On May 15, the judge entered his clarification and denied the state's motion for a stay. The state filed a notice of appeal immediately.

==Supreme Court activity==
On May 16, without comment, the state Supreme Court stayed Piazza's ruling pending appeal, preventing the issuance of additional marriage licenses to same-sex couples. On August 6, the Attorney General's office asked the court to stay proceedings pending the resolution of Herbert v. Kitchen, noting that Utah officials had just asked the U.S. Supreme Court to review that case in which the Tenth Circuit Court of Appeals had found Utah's ban on same-sex marriage unconstitutional.

On August 4, the plaintiff same-sex couples moved to have any Supreme Court justice who was running for re-election recuse himself from the case. They cited a resolution by the state legislature calling on the court to uphold the state's ban and comments by legislators that voters should be allowed to recall judges as "intimidation tactics". The court denied the request on September 4.

On October 7, the plaintiffs filed their brief in the case, citing actions by the U.S. Supreme Court the day before, including its refusal to hear Kitchen, and asking the court to hear oral arguments. On October 9, the court denied Attorney General Dustin McDaniel's request, now outdated, to suspend proceedings pending the outcome of other cases. The court on October 14 granted the request for oral arguments. The court heard oral arguments on November 20.

The Court did not issue an opinion in the six weeks before the end of 2014, an unprecedented delay. The Court's membership changed with the new year, and a delay of several more weeks is anticipated, possibly even the rescheduling of oral arguments. On January 23, 2015, state Attorney General Leslie Rutledge requested a rehearing based on the change in the court's membership: "Two Associate Justices were not seated on the Arkansas Supreme Court when the first oral argument was held in November 2014, and Chief Justice Hannah was absent due to a national meeting of chief justices." On February 5, the court asked for briefs on the question of which judges should consider the case. On May 7, the Supreme Court ruled that the justices now serving on the court should consider the case. It denied any further role to the special justice appointed by the governor in 2014 to serve in place of a justice who had recused himself, given that the term of the recused justice had ended and the new justice elect to his seat was prepared to participate in the case.

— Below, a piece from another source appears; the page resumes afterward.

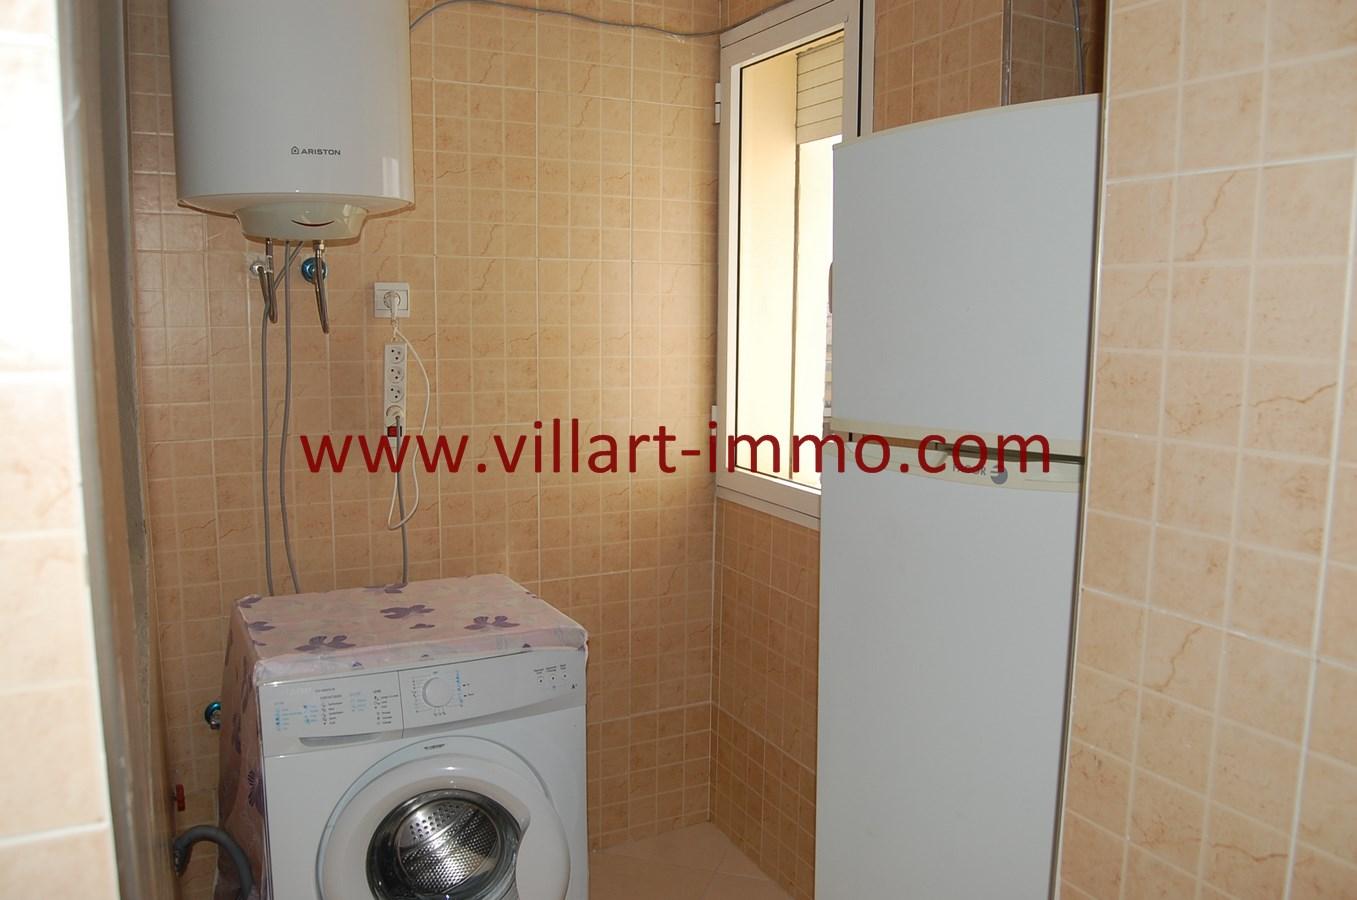 9-Vente-Appartement-Tanger-Route de Rabat-Buanderie-VA494-Villart Immo

The court never issued an opinion before the Supreme Court of the United States declared in Obergefell v. Hodges that the constitution guarantees the right to marry to same-sex couples. The same day, the Arkansas Supreme Court dismissed the appeal in Wright.

On November 11, 2015, former Justice Donald Corbin, one of the original justices to hear the case, revealed that the Court had voted 5–2 to strike down the state's marriage ban in 2014. Corbin stated that he wrote a majority opinion finding that Arkansas' ban on same-sex marriage violates both the Arkansas and U.S. Constitutions. Corbin urged the other justices to issue the opinion before the end of his term in 2014, but for unstated reasons, the ruling was never issued. Instead, the court waited for the Supreme Court to decide another case on the same issue, and dismissed Wright as moot.